The Merchandise Room

One whole section of the cafe doubles as a shop, and it’s just as dense as the museum portion. Shelves are loaded with Coke Zero cans in Korean packaging, branded camping chairs, tumblers, cooler bags, tote bags, glasses, mugs, and Olympic edition bottles. A bottle-shaped clothing hanger displayed in red velvet is one of the stranger and more charming pieces. If you’re a collector or just a fan, budget some extra time (and some extra won) for this section.


Practical Information

Name: Cafe Cola (카페콜라 / Cafecola Coffee & Coke)
Location: Northern coast of Jeju Island, near Gwideok, Jeju-si (accessible via the coastal road)
Closed: Tuesdays
Best time to visit: Morning, before crowds build up
Instagram: Check their page for current hours and updates
Parking: Available on-site
Vibe: Equal parts cafe, museum, photo studio, and collector’s obsession


Cafe Cola is one of those places that’s genuinely hard to categorize, and that’s exactly what makes it worth visiting.
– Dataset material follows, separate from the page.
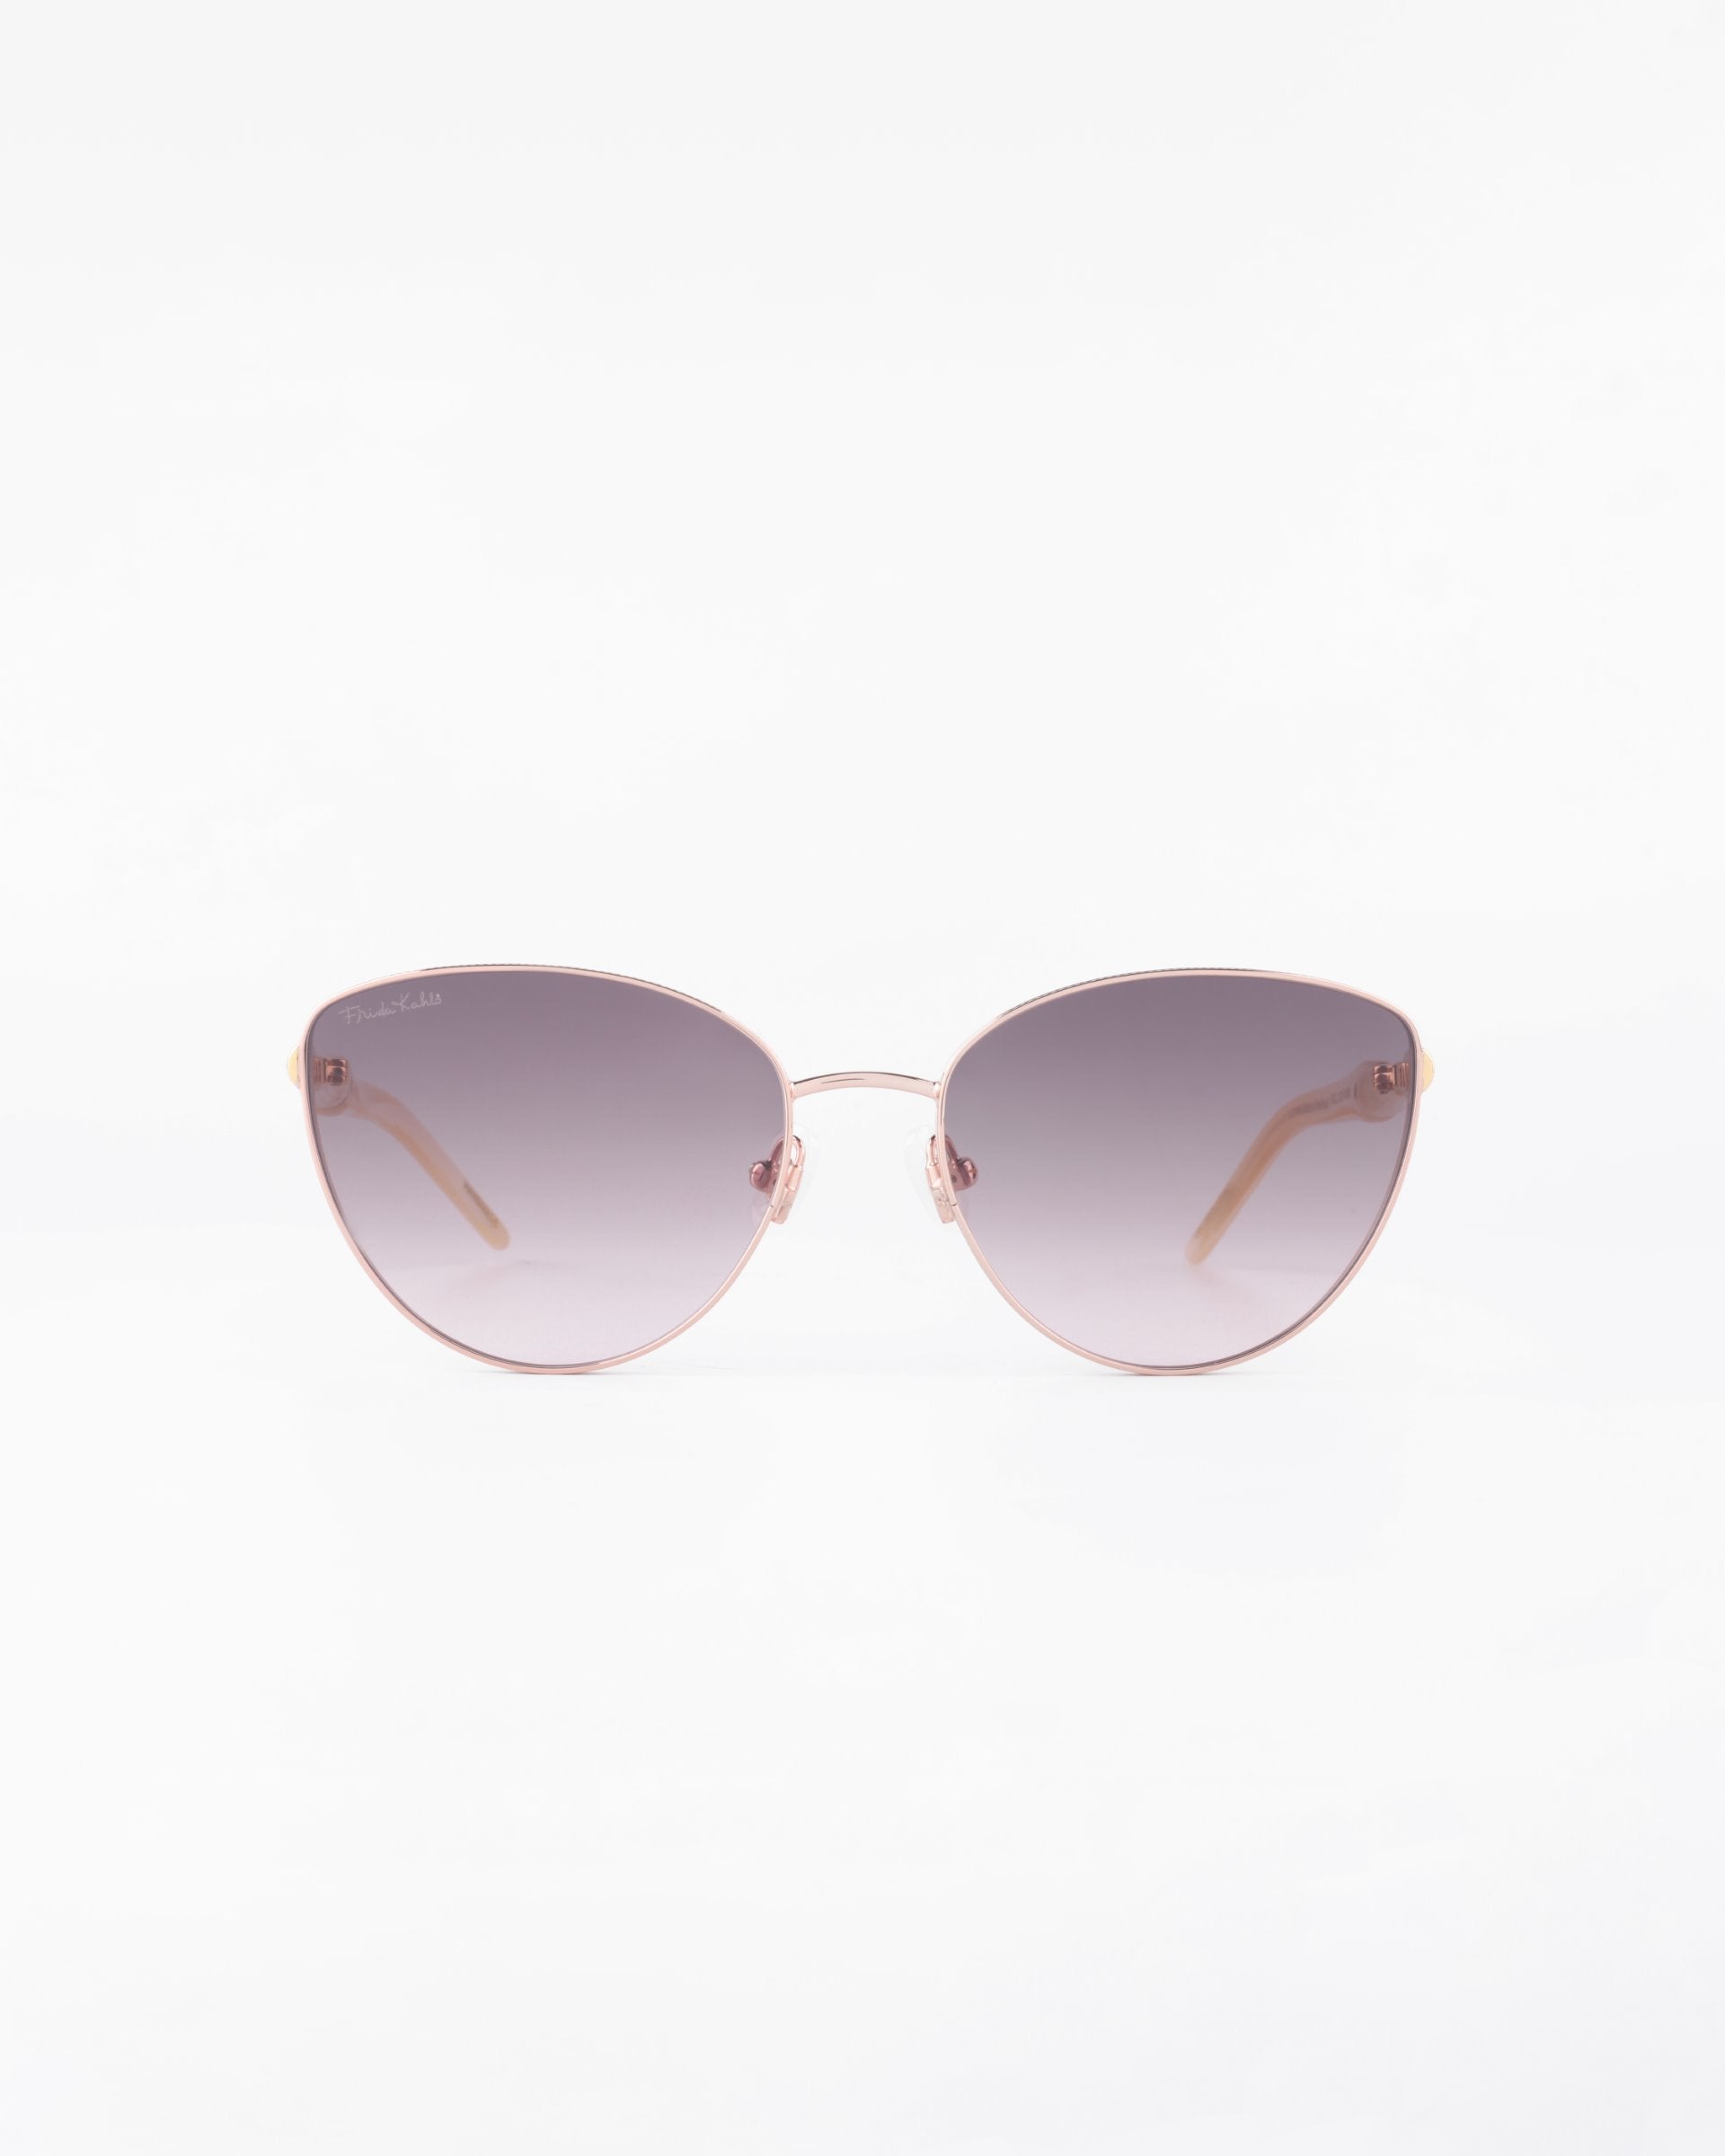 A pair of stylish Frida Brush sunglasses by For Art&#39;s Sake® with rose-gold frames and dark gradient, ultra-lightweight lenses. The arms, crafted from gold-plated stainless steel, are thin and elegant. Featuring UVA &amp; UVB protection, these Frida Brush sunglasses create a modern look against a white background.

It’s not just a themed cafe cashing in on brand nostalgia — it’s something more personal than that. The collection feels like decades of dedicated, passionate accumulation made visible, and the warmth of the place reflects the person behind it.

I went expecting to spend maybe 30 minutes, grab a drink, take a few photos, and leave. I stayed for nearly two hours and still felt like I’d missed things. The Cherry Coke was great. The lip straw made me smile every time I looked at it. The collection left me quietly speechless.

If you’re on Jeju and you see that red building by the road — stop.